Вечером, после ужина, он вышел к реке в надежде встретить Неждану, но её там не было. И на другой день она ни разу не попалась ему на глаза, хотя он, помятуя слова отца о скотном дворе, побывал там.
Увидел он её на третий день.
Неждана шла с подойником, точно так, как в тот, первый день их знакомства, и коса тяжело билась по её спине.
Он догнал её и... поразился: это была она — и не она, так изменилось, исказилось её лицо.
— Здравствуй, — неуверенно сказал он.
— Здравствуй, княжич.
— Где ты была, почему я тебя не видел?
— Тут и была; Ты смотрел — да не видел. Не признал, наверное... — тихо промолвила она.
Княжич молча пошёл рядом с ней.
Злости не было. Была острая жалость и недоумение: как можно за несколько дней полностью измениться? Господи, что же с ней произошло...
— Почему ты с подойником? — спросил Святослав, словно из целой кучи вопросов, которые роились у него в голове, этот был самым главным.
— Будто сам не знаешь...
— Отец сказал, что поставит тебя подключницей на скотный двор.

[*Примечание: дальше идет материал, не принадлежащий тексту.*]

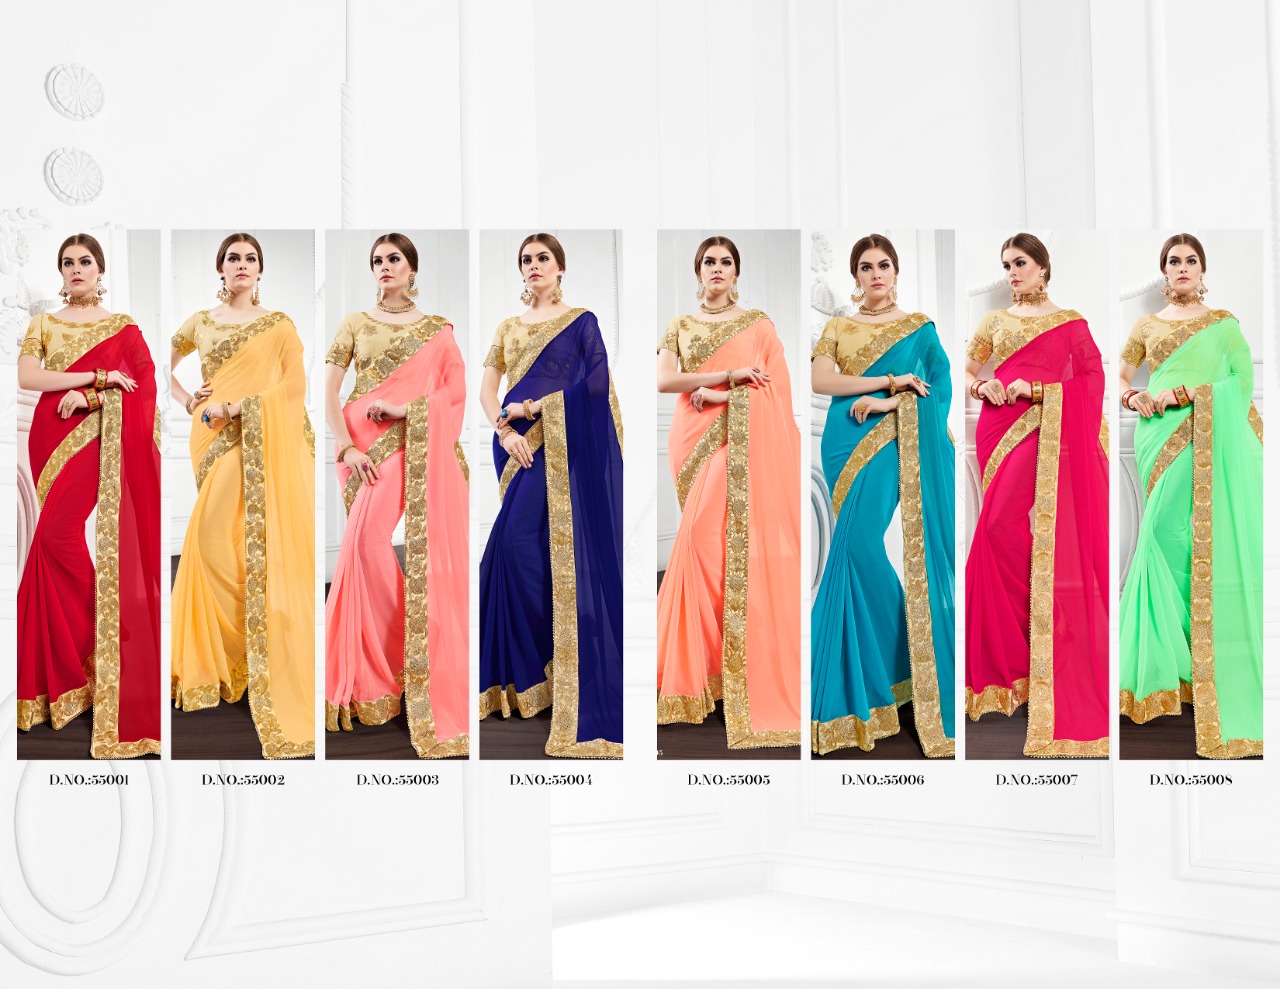 Saroj Saree Indian Fashion 55001-55008
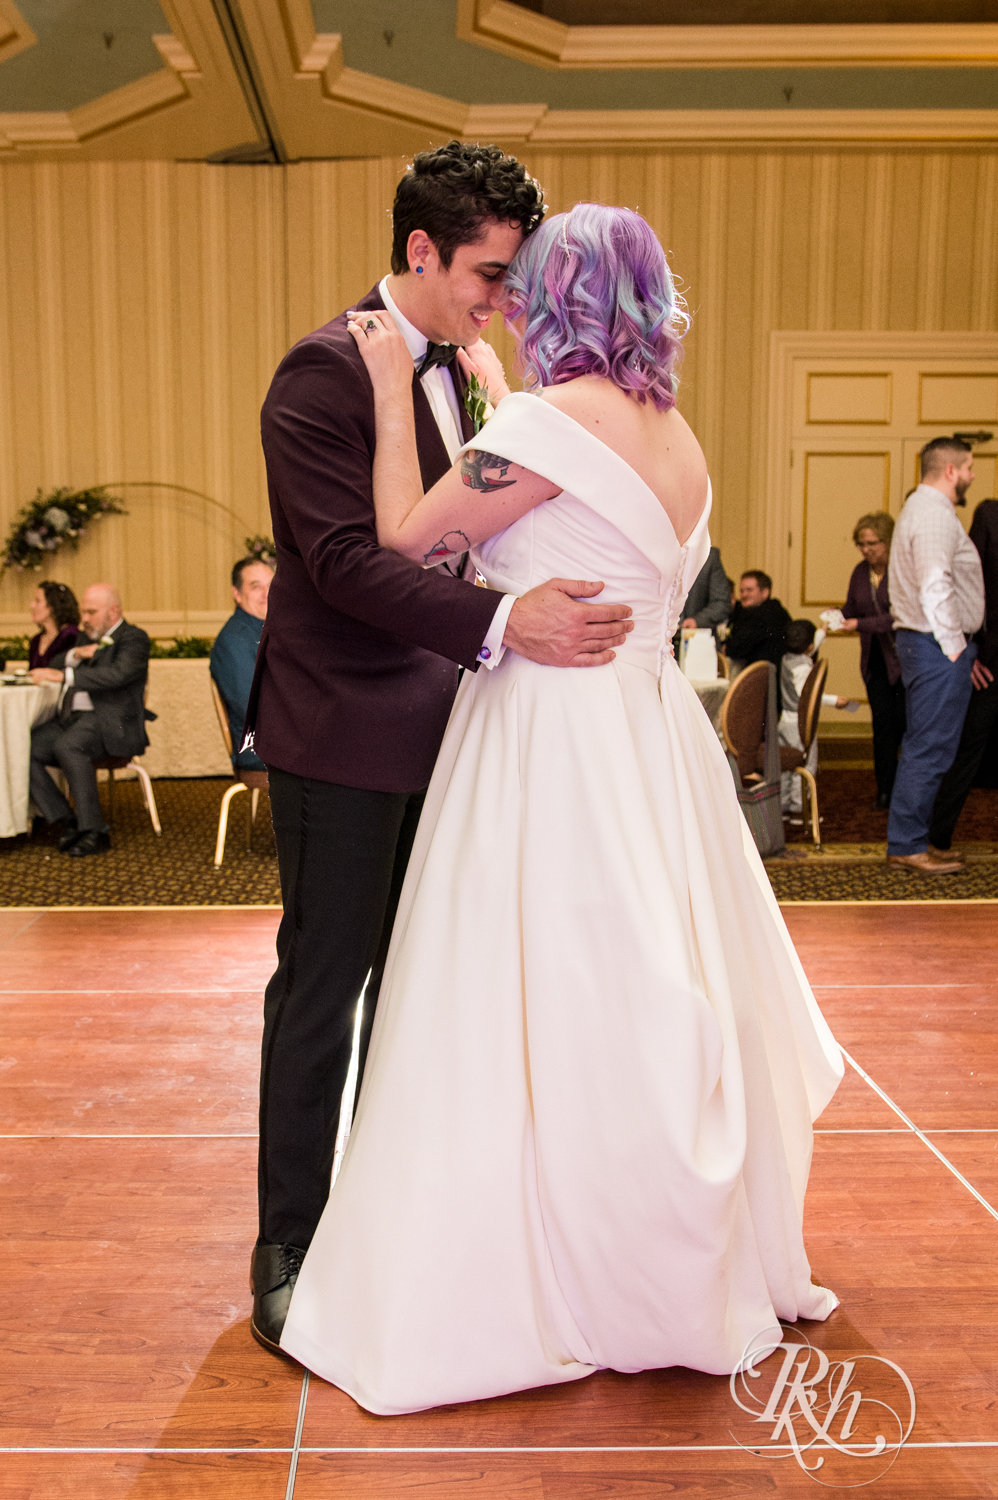 Bride and groom dance at wedding reception at the Saint Paul Hotel in Saint Paul, Minnesota.

— Так оно и было: приехала княгиня, распорядилась поставить меня подключницей. Видать, великий князь повелел. А вчера за мелкий недосмотр разжаловала в скотницы. Да только мне всё равно... И уж как увидела, что ты на меня смотришь и не узнаешь, жить расхотелось... Не забыл, не простил, значит... и более не любишь...
Столько безнадёжности, тоски прозвучало в этих словах, что у Святослава сжалось сердце: что же она, бедная, пережила, ведь и вправду любит, наверное любит его... Чем она перед ним провинилась? Он сам виноват перед нею. Неждана правильно сказала — она в княжьей воле... А он? Разве он не в княжьей воле? И мать, которую муж заставил взять свою бывшую наложницу в дворовые...
— Вечером приходи к купальне! — приказал он девушке и не заметил, как она охнула, вздрогнула, как плеснулось молоко на босые ноги...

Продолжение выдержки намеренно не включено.